Vial romance

From the New York Times:

The information in these files was so abstract, so sterile, so tinged with the depressing reality of paternal grandmothers with diabetes and fathers with heart disease.

What about personality, love, intellect, passion? All I had to go on was the hieroglyphics of handwriting. I couldn’t visualize any of them. From what I understood they were mostly kids, college students in need of tuition money, with mothers who were probably younger than I. I’d probably be better off grading their college English papers and picking a father for my child on that basis. What was I doing here?

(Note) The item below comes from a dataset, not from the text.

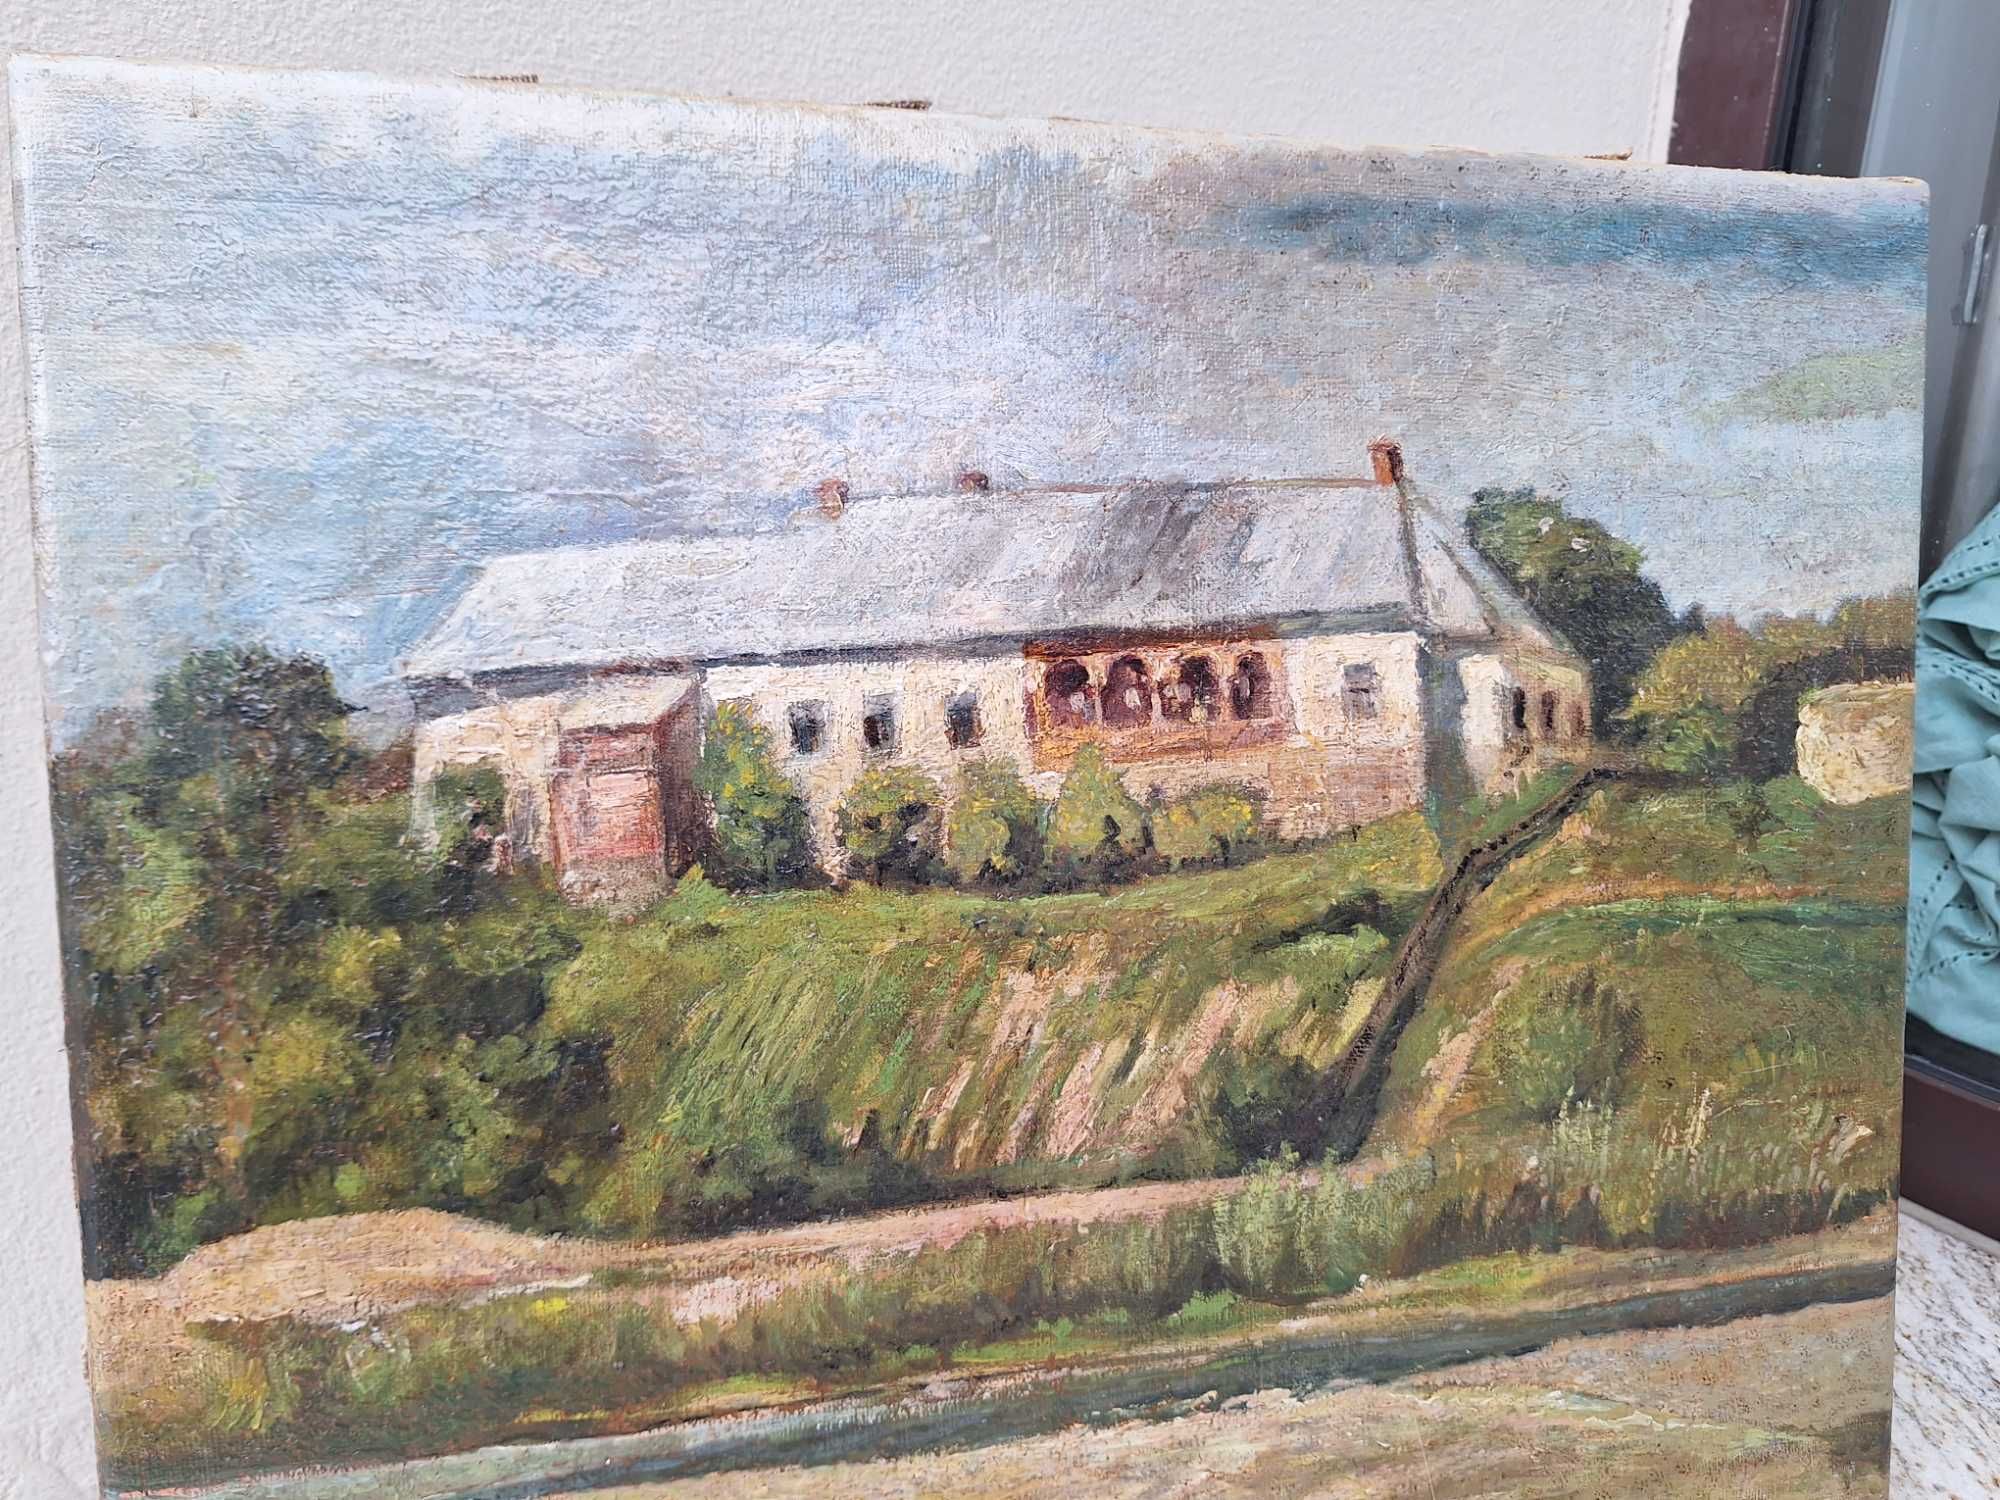 Pejzaż z widokiem na budynek poczty konnej-kresy-obraz-olej-k.XIXw

UNFORTUNATELY I was looking for love, still trying to make an intuitive selection, not a rational one. I tried to fall for something on each page, some soaring words in their short essays, but there was barely the flair of a crossed T to swoon over.

Um, lady, you’re in a sperm bank. Your chance at romance and Daddy taking the kids to their soccer game has passed. Following your intuition instead of reason is precisely what got you here in the first place. No doubt her intuition told her that those men who were willing to marry her in years past were not exciting and passionate enough for her.

The thing is, excitement and passion are the very last things you want in a marriage. Infidelity is exciting. Divorce is passionate. Safe, friendly and mutually comfortable is what men and women should pursue in an ideal marriage, but of course, such pedestrian wisdom is wasted on young hearts steeped in Hollywood romance.